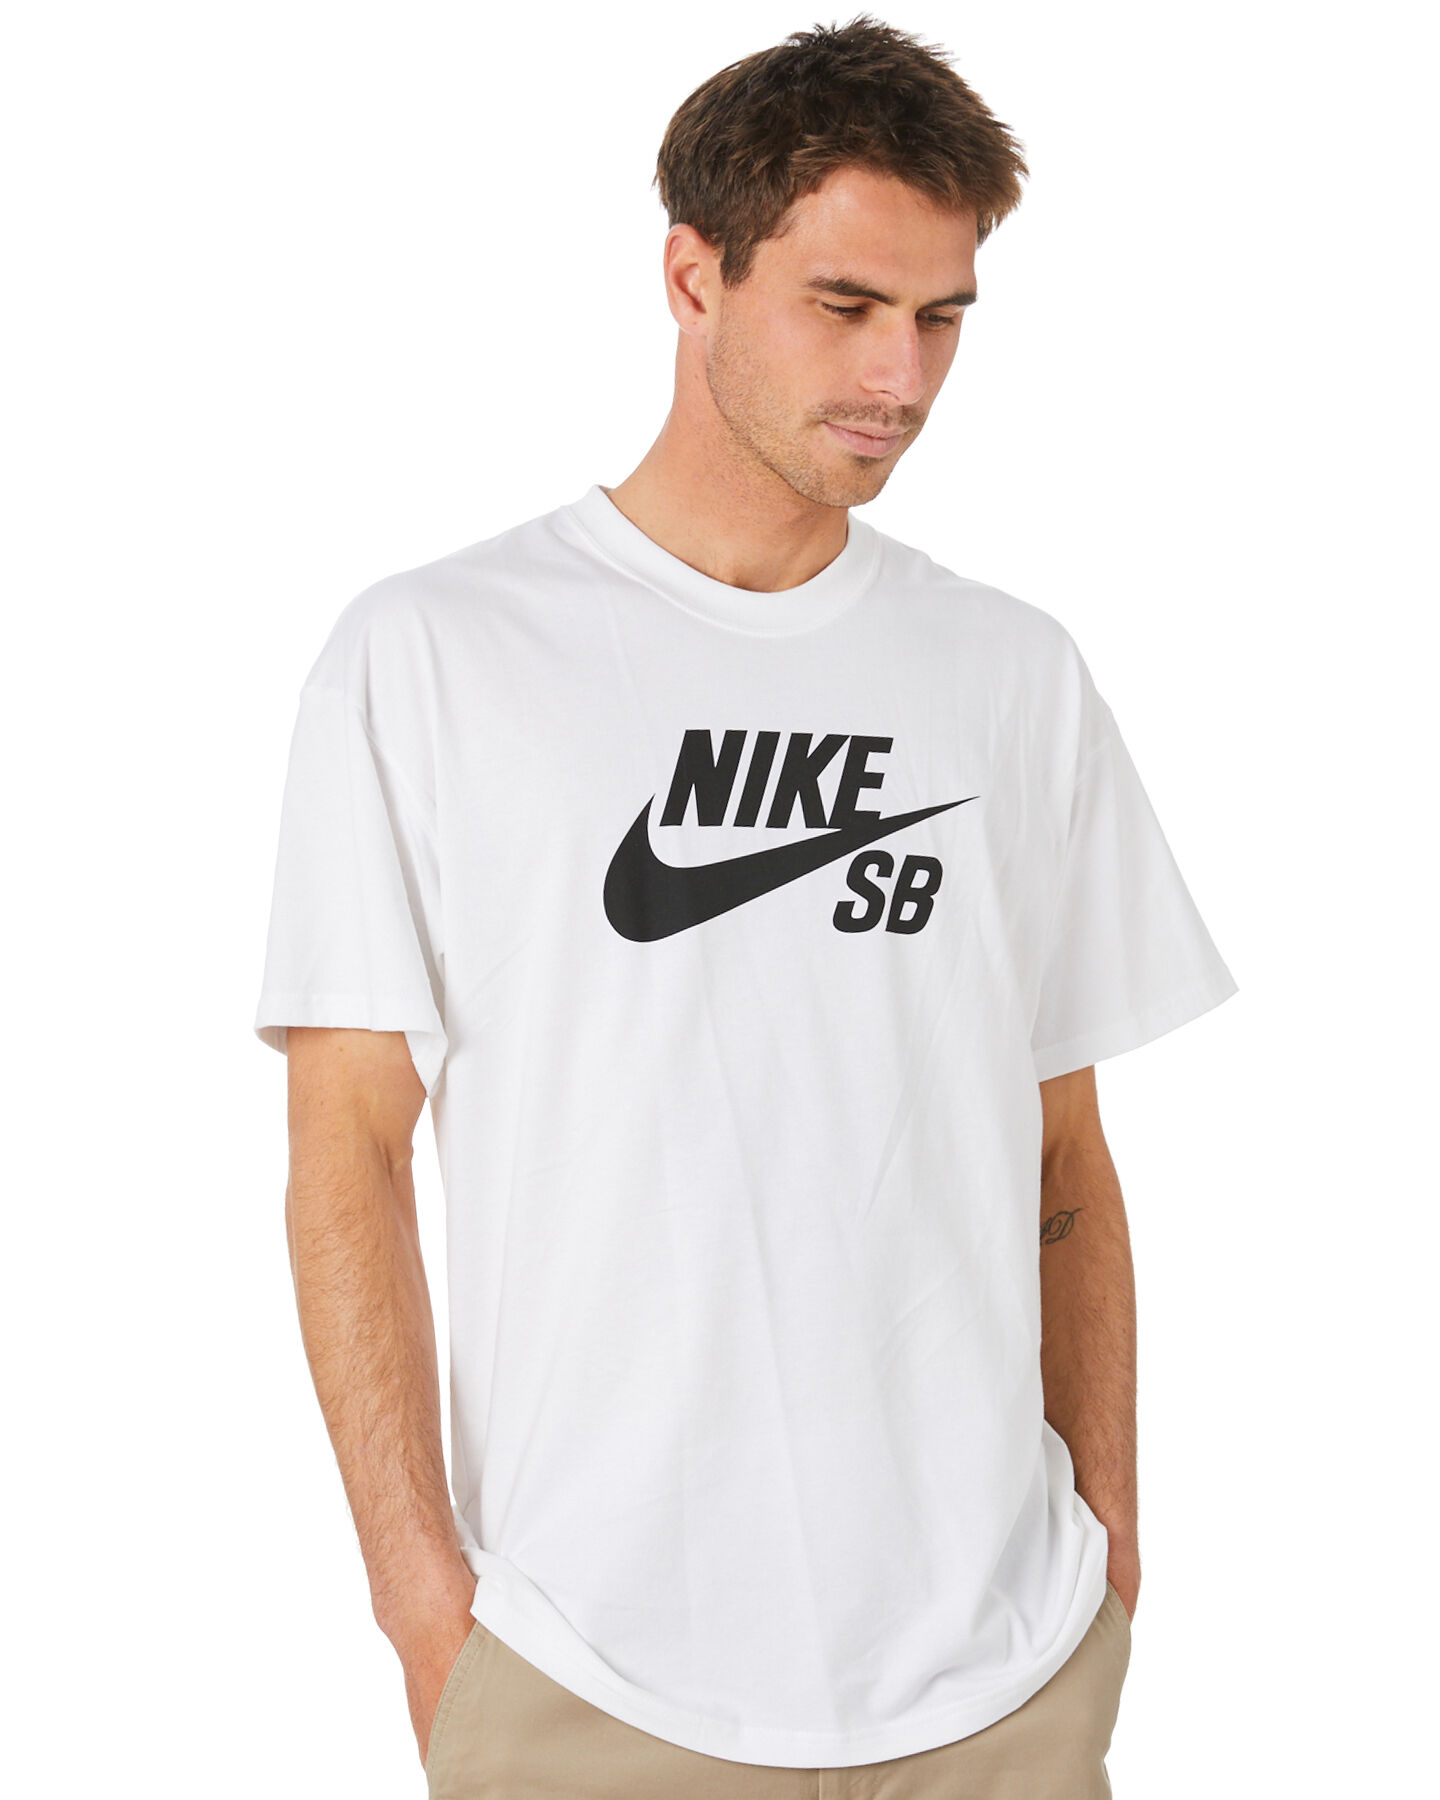 white nike sb shirt
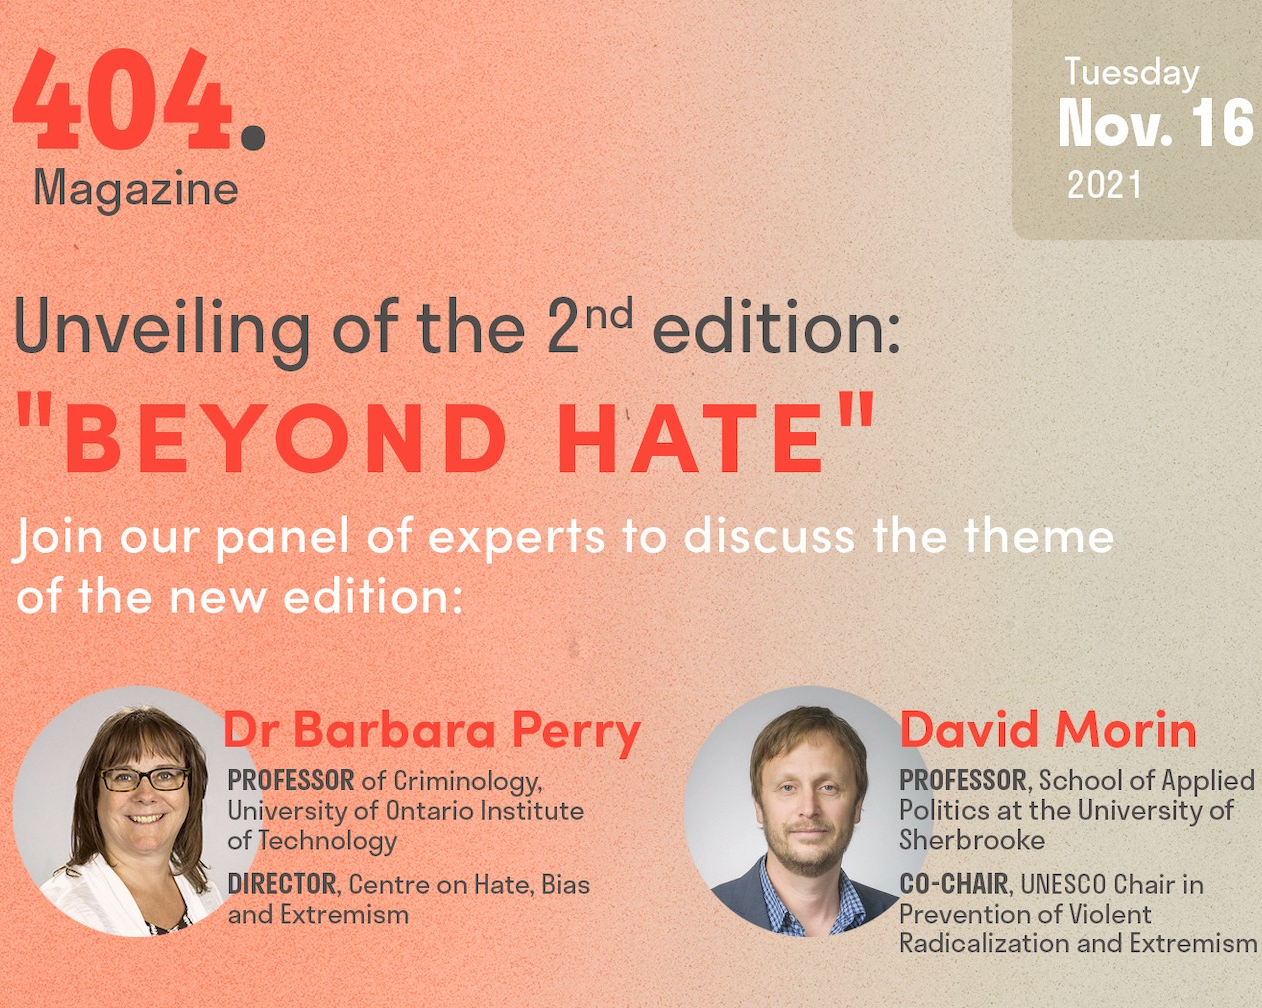 David Morin to participate in 404 magazine’s second issue launch
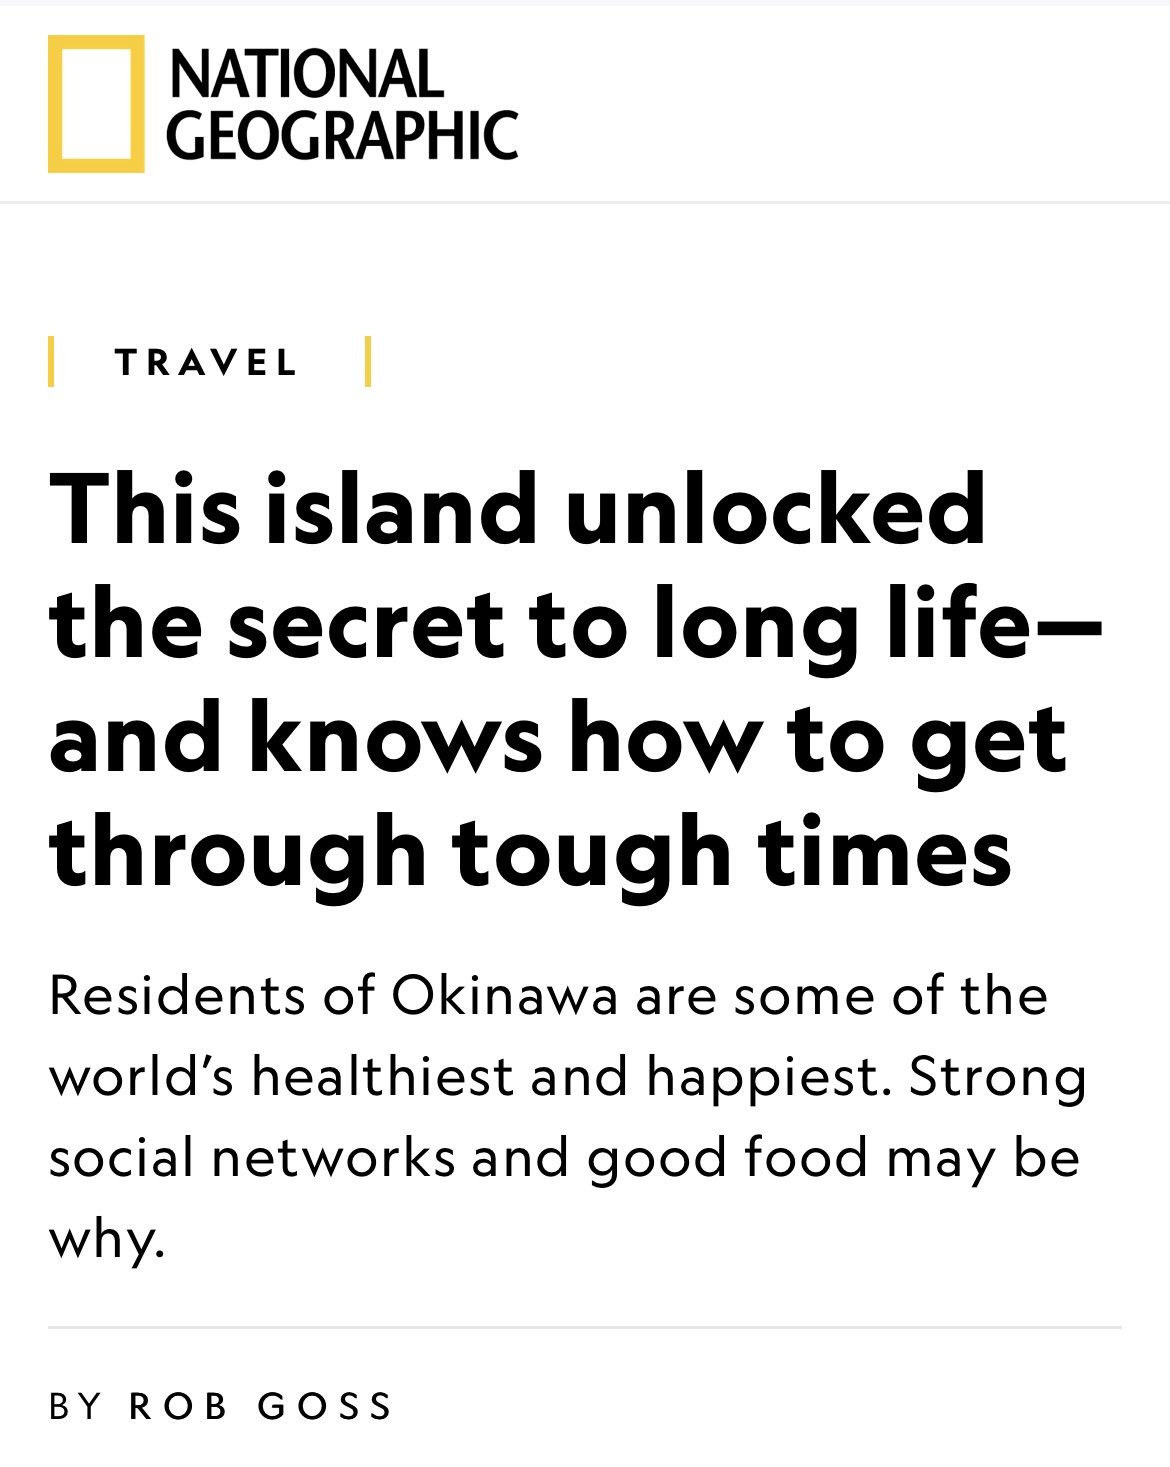 This island unlocked the secret to long life - Nationalgeographic.com (2020)
════════════════
• _Problem statement_:
Without changing a word, restate the listing above; the pictures stay out.

• _Your solution_:
 white nike sb shirt
 David Morin to participate in 404 magazine’s second issue launch
 This island unlocked the secret to long life - Nationalgeographic.com (2020)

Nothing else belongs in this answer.